Hi,
When I load PDF files in my process I get the following exception:
Exception in thread "main" java.lang.ArrayIndexOutOfBoundsException: 0
at com.rapidminer.operator.TermWeightClusterCharacterizer.apply(Unknown Source)
at com.rapidminer.operator.Operator.apply(Operator.java:664)
at com.rapidminer.operator.OperatorChain.apply(OperatorChain.java:377)
at com.rapidminer.operator.Operator.apply(Operator.java:664)
at com.rapidminer.Process.run(Process.java:612)
at com.rapidminer.Process.run(Process.java:582)
at com.rapidminer.Process.run(Process.java:572)
at org.behrang.clustering.Main.createProcess(Main.java:77)

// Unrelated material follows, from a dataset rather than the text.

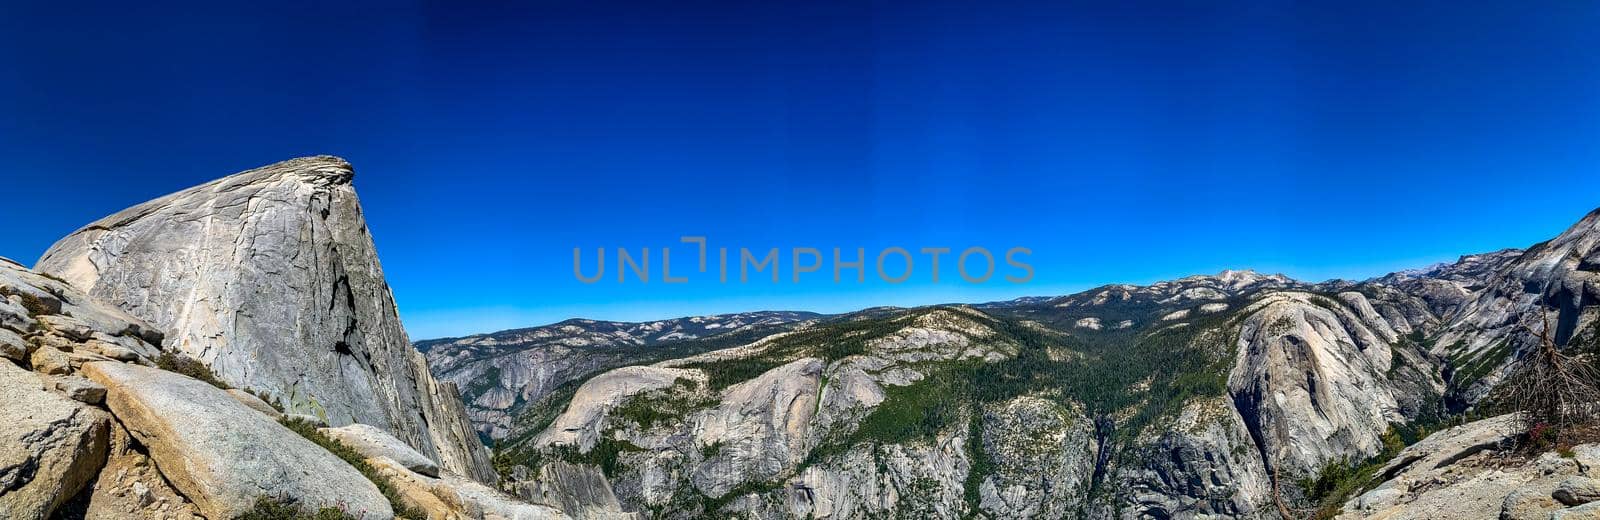 Half Dome in Yosemite National Park by gepeng

at org.behrang.clustering.Main.main(Main.java:26)
Here's my process:
System.setProperty("rapidminer.home", "C:\\Java\\RapidMiner-4.2");
RapidMiner.init();
Process p = new Process();
OperatorChain textInput = (OperatorChain) OperatorService.createOperator("TextInput");
textInput.setParameter(PARAMETER_DEFAULT_CONTENT_LANGUAGE, "english");
textInput.setParameter(PARAMETER_PRUNE_ABOVE, "15");
textInput.setParameter(PARAMETER_PRUNE_BELOW, "5");
// textInput.setParameter(PARAMETER_DEFAULT_CONTENT_TYPE, "pdf");
List<Object[]> textList = new LinkedList<Object[]>();
for (File f : new File("fit4005").listFiles()) {
textList.add(new Object[] {
f.getAbsolutePath(),
f.getAbsolutePath()
});
}
// for (File f : new File("newsgroup/graphics").listFiles()) {
// textList.add(new Object[] {
// f.getAbsolutePath(),
// f.getAbsolutePath()
// });
// }
// for (File f : new File("newsgroup/hardware").listFiles()) {
// textList.add(new Object[] {
// f.getAbsolutePath(),
// f.getAbsolutePath()
// });
// }
// textList.add(new Object[] {"graphics","newsgroup/graphics"});
// textList.add(new Object[] {"hardware","newsgroup/hardware"});
textInput.setListParameter("texts", textList);
textInput.addOperator(OperatorService.createOperator("StringTokenizer"));
textInput.addOperator(OperatorService.createOperator("EnglishStopwordFilter"));
Operator tlfOperator = OperatorService.createOperator("TokenLengthFilter");
tlfOperator.setParameter("min_chars", "5");
textInput.addOperator(tlfOperator);
textInput.addOperator(OperatorService.createOperator("PorterStemmer"));
p.getRootOperator().addOperator(textInput);
p.getRootOperator().addOperator(OperatorService.createOperator("KMeans"));
p.getRootOperator().addOperator(OperatorService.createOperator("AttributeSumClusterCharacterizer"));
p.save(new File("Process.xml"));
IOContainer io = p.run();
SimpleExampleSet ses = (SimpleExampleSet) io.get(SimpleExampleSet.class);
System.out.println(ses.getExample(0));
System.exit(0);
fit4005
contains the PDF files. If I load text files everything works fine. Any ideas why is this happening and how can I fix it?
Thanks in advance,
Behi